"Thou hast given a banner to them that fear thee, that it may be displayed because of truth." — (Psalm 60:4)
"Lift ye up a banner upon the high mountain, exalt the voice unto them." — (Isaiah 13:2)
Devoted To The Defense Of The Church Against All Errors And Innovations
Vol.IX No.II Pg.3
October-December 1946

Missions And Missionaries

O. C. Lambert

The word mission does not occur in our English Bible. Since translators choose their own words in expressing the meaning they find in the original Hebrew and Greek, they might have correctly employed this word also. Not long since I heard a young preacher severely calling to task those who use the word loaf instead of bread, as being unscriptural. But some translators use it and it happens to be the first word Thayer uses to express the meaning of the original.

But the word mission and the word missionary have been so long employed to make distinctions unknown in the New Testament, that I feel that it would be less misleading if we would use other words. For instance: A mission is not a church and a missionary is not a gospel preacher or evangelist. To have a church that controls a group somewhere which they call a mission is dangerously near the Catholic idea of diocese, which was made in the early history of Christianity.

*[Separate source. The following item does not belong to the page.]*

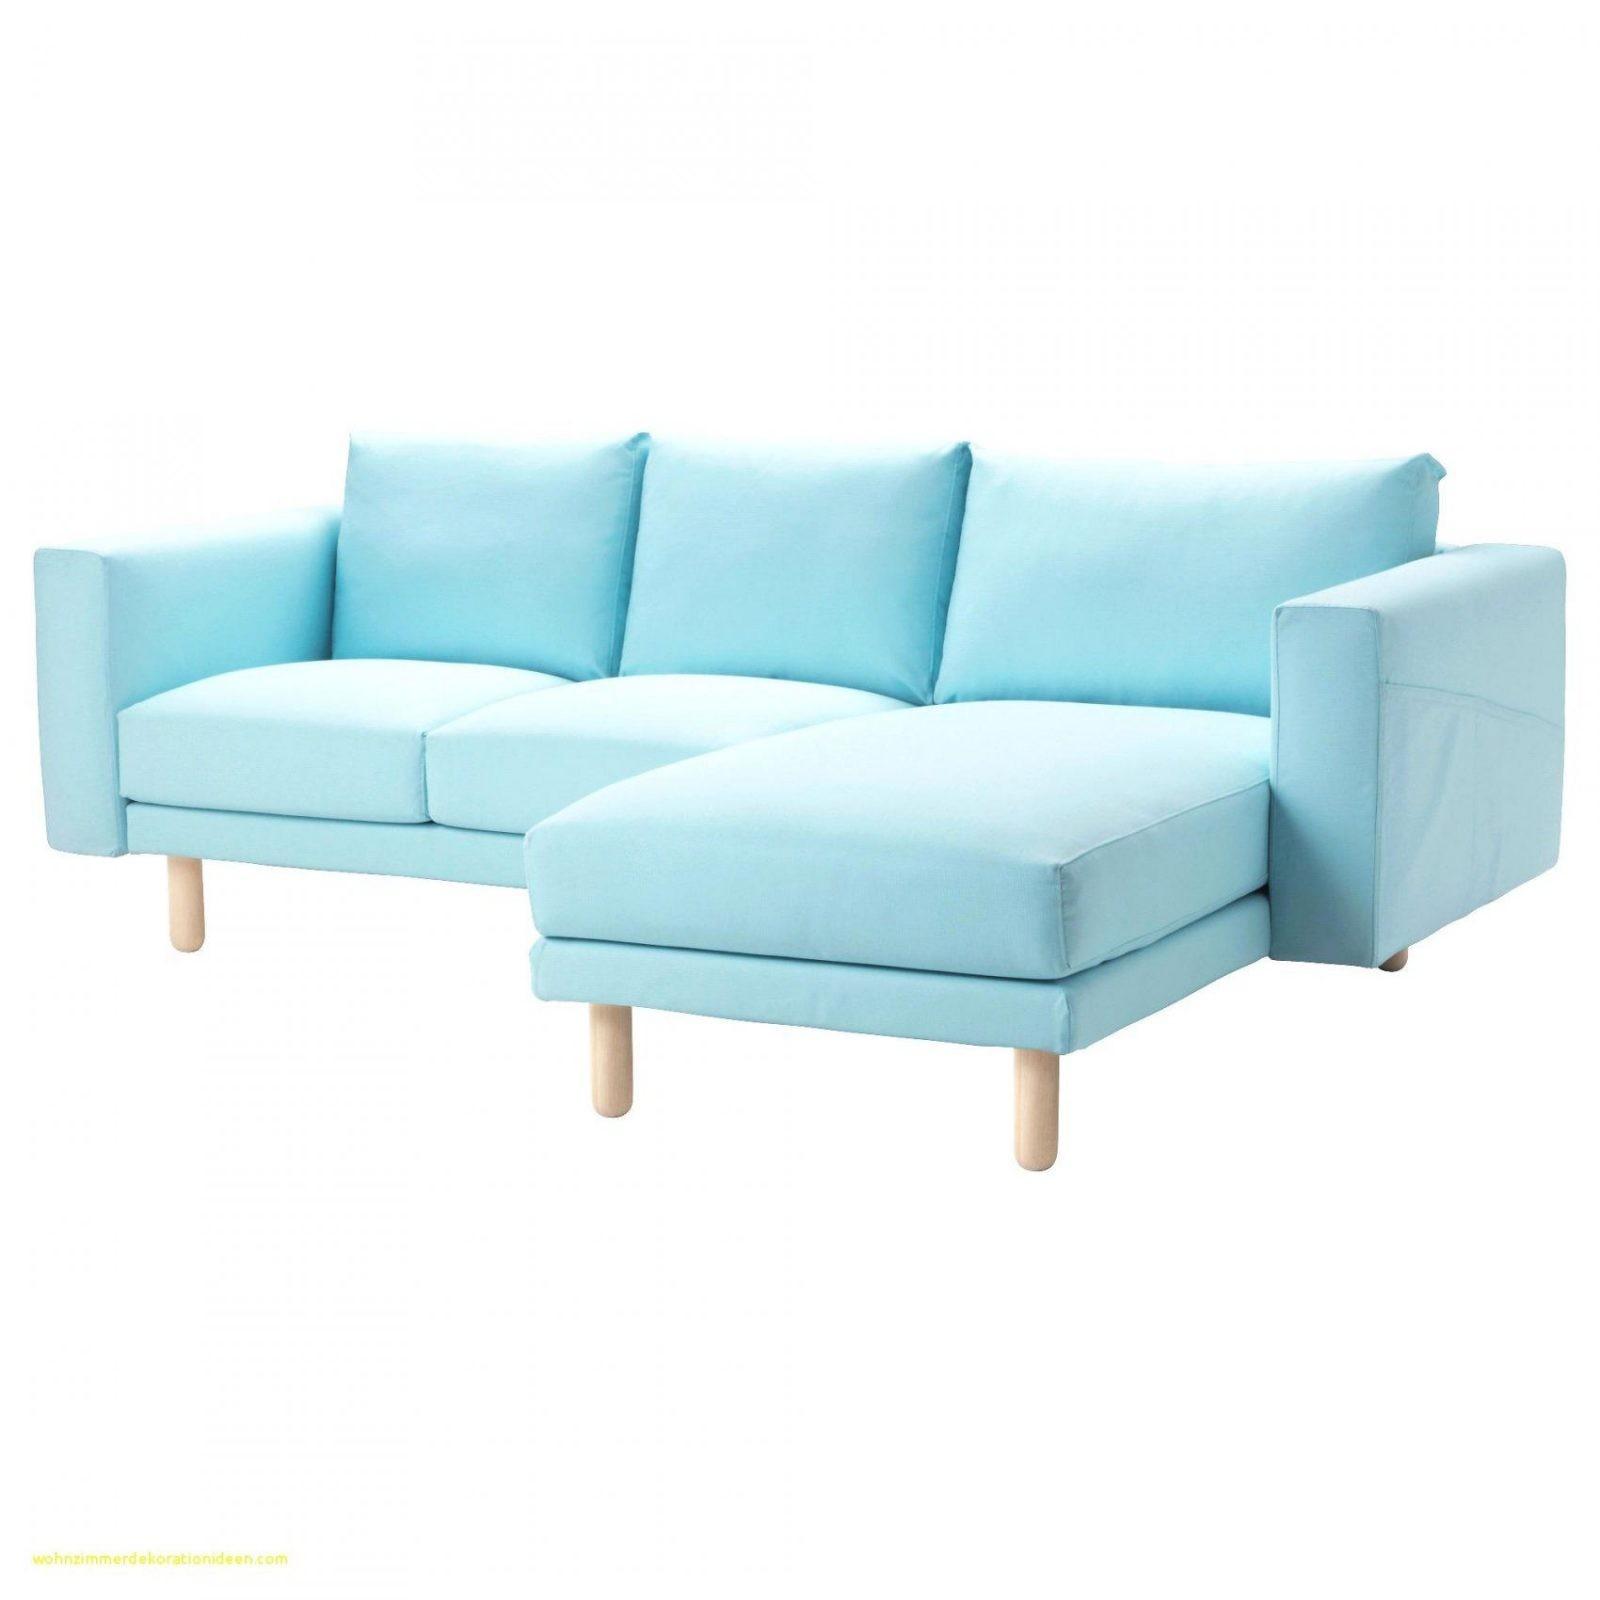 Sofahussen Ikea Luxury Sessel Bezug Grüne Sofahussen & Sofabezüge von Sofa Hussen Günstig Kaufen Photo

If our brethren who are in distant places are not establishing churches as Paul and others did in New Testament times, then I am not interested in their work. Why is a man a gospel preacher or an evangelist who preaches the gospel in nearby places but the instant he goes to some distant place, especially, if he should cross the ocean, does he become a missionary? The denominational churches have had missions and missionaries in foreign lands for more than a hundred years, but have no self-supporting churches, and according to surveys made by their own people have failed to accomplish much. Our people in adopting their terminology have also appropriated their ideas, and we have had missions and missionaries in foreign lands for more than fifty years and have few if any self-supporting churches. Each Christian is obligated to take the gospel to others.

I may admire the purposes of these representatives of denominationalism who make such heroic sacrifices, yet I do not approve what they do, and I do not want any of my brethren to conclude that I am antagonistic toward those who are trying to spread the gospel. I am trying to help, not to hinder. I wish we had hundreds out everywhere where we have so few. I am merely urging caution, that we want to do everything on the New Testament pattern.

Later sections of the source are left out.